Previous topic - Next topic

Duke87

#3300
Quote from: seicer on February 10, 2018, 01:36:37 PM
Fills have been occurring on both sides of Manhattan for some time. It's not out of the realm of possibility to see land added for a FDR Boulevard and park.

The question is, why do this. The West Side Highway quite literally fell down, during a period in time where New York City was falling apart in general, and the money to replace it simply wasn't there.

The South Street section of the FDR Drive is not about to collapse anytime soon, so it's a very different story when your'e talking now about removing a perfectly good piece of infrastructure.

Quote from: kalvado on February 10, 2018, 03:30:05 PM
Improved river access, more walkable neighbourhood

Bullshit.

The South Street Viaduct allows pedestrians to walk under it at any cross street, and in some places where there isn't a cross street if you don't mind jaywalking, while the majority of vehicular traffic passes harmlessly overhead. Were it to be removed and replaced with a ground level boulevard, the option of crossing midblock would be lost in places where it currently exits, and at intersections pedestrians would have to contend with longer crosswalks and longer waits for the light to change (since FDR traffic would need more green time than South Street currently has, and you wouldn't feasibly be able to cross against the light anymore).
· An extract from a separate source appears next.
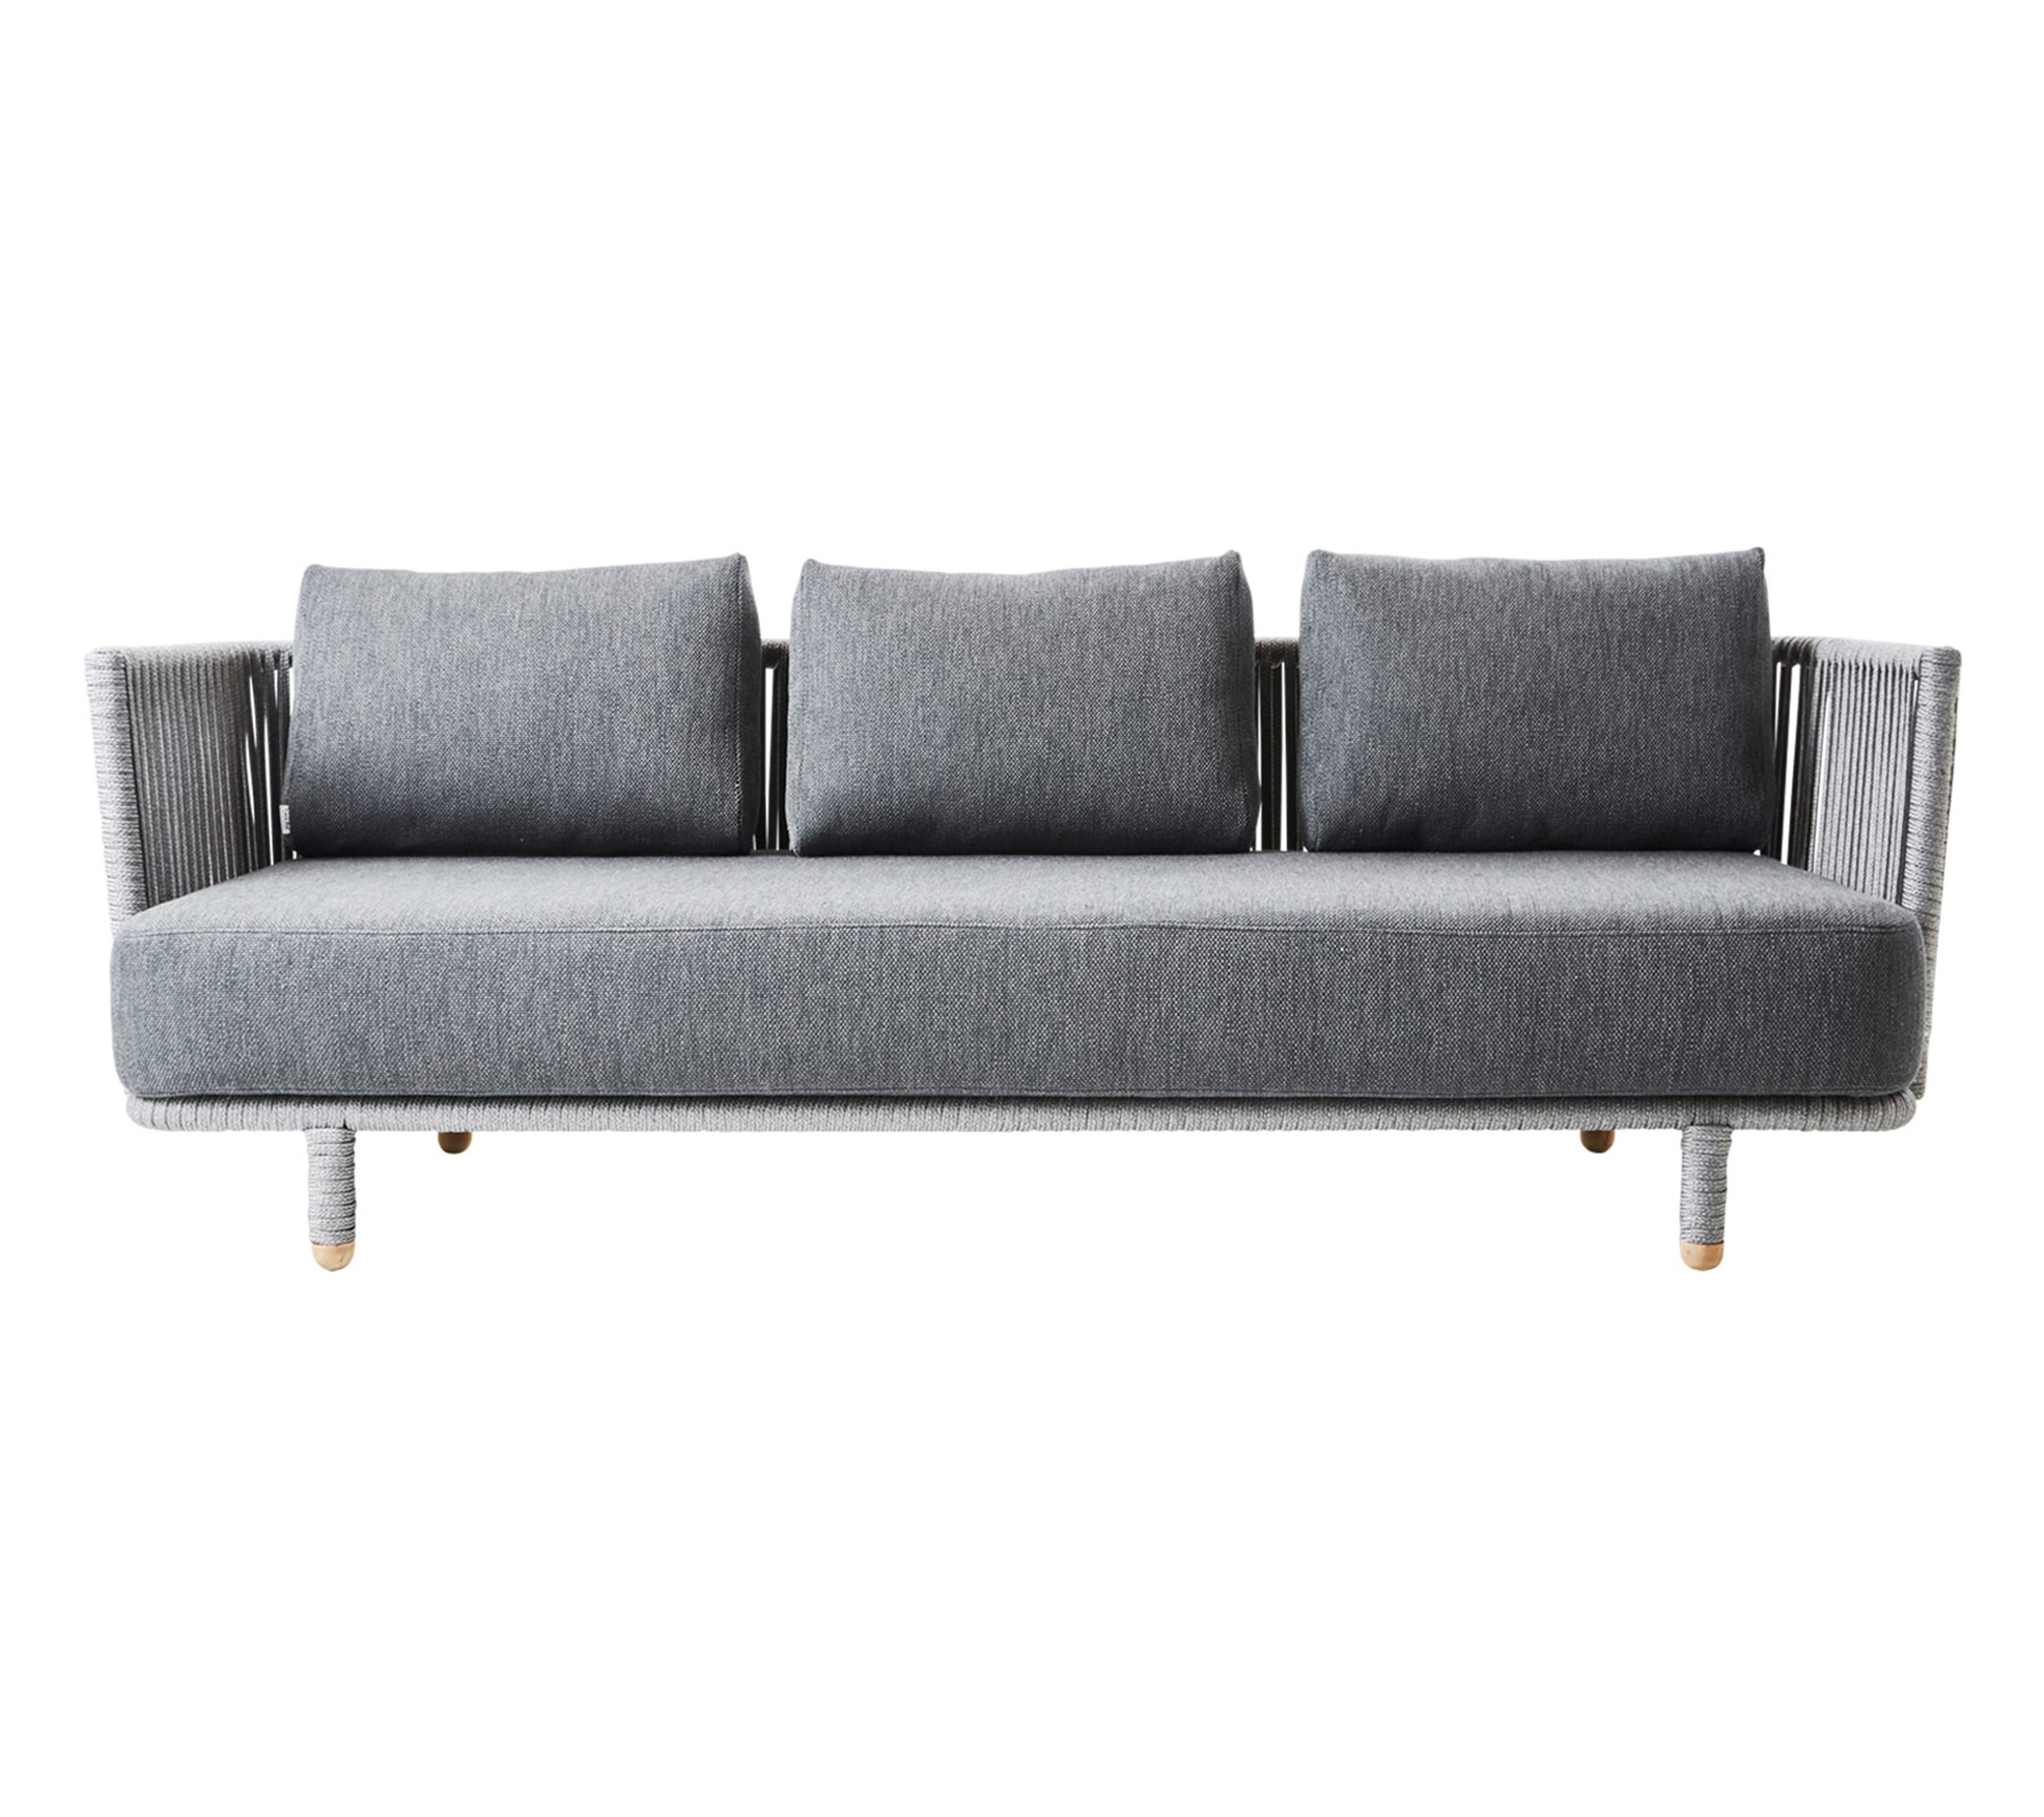 Picture of Moments 3-seater sofa, incl. Grey cushion set

You would also see an increase in the number of traffic injuries and fatalities (particularly to pedestrians and cyclists) since grade separation is an extremely effective method of preventing these things while wider intersections create more opportunities for them.

In what upside-down dimension does this represent improved river access and walkability? Looks an awful lot like a step backwards on both of those metrics to me.

What's actually happening here is that humans are insane and irrational creatures and, when confronted with a big elevated structure, they perceive it to be a barrier when really it isn't.
If you always take the same road, you will never see anything new.


Michael

Quote from: kalvado on February 10, 2018, 03:30:05 PM
(urbanist hat on  :sombrero:)
Those money are better spent on improving public transportation, and not on fixing something that shouldn't be there to begin with. Improved river access, more walkable neighbourhood, quality of life, less parking demand...
(urbanist hat off  :angry:)

Quote from: Duke87 on February 10, 2018, 03:57:17 PM
Quote from: kalvado on February 10, 2018, 03:30:05 PM
Improved river access, more walkable neighbourhood

Bullshit.

The South Street Viaduct allows pedestrians to walk under it at any cross street, and in some places where there isn't a cross street if you don't mind jaywalking, while the majority of vehicular traffic passes harmlessly overhead. Were it to be removed and replaced with a ground level boulevard, the option of crossing midblock would be lost in places where it currently exits, and at intersections pedestrians would have to contend with longer crosswalks and longer waits for the light to change (since FDR traffic would need more green time than South Street currently has, and you wouldn't feasibly be able to cross against the light anymore). You would also see an increase in the number of traffic injuries and fatalities (particularly to pedestrians and cyclists) since grade separation is an extremely effective method of preventing these things while wider intersections create more opportunities for them.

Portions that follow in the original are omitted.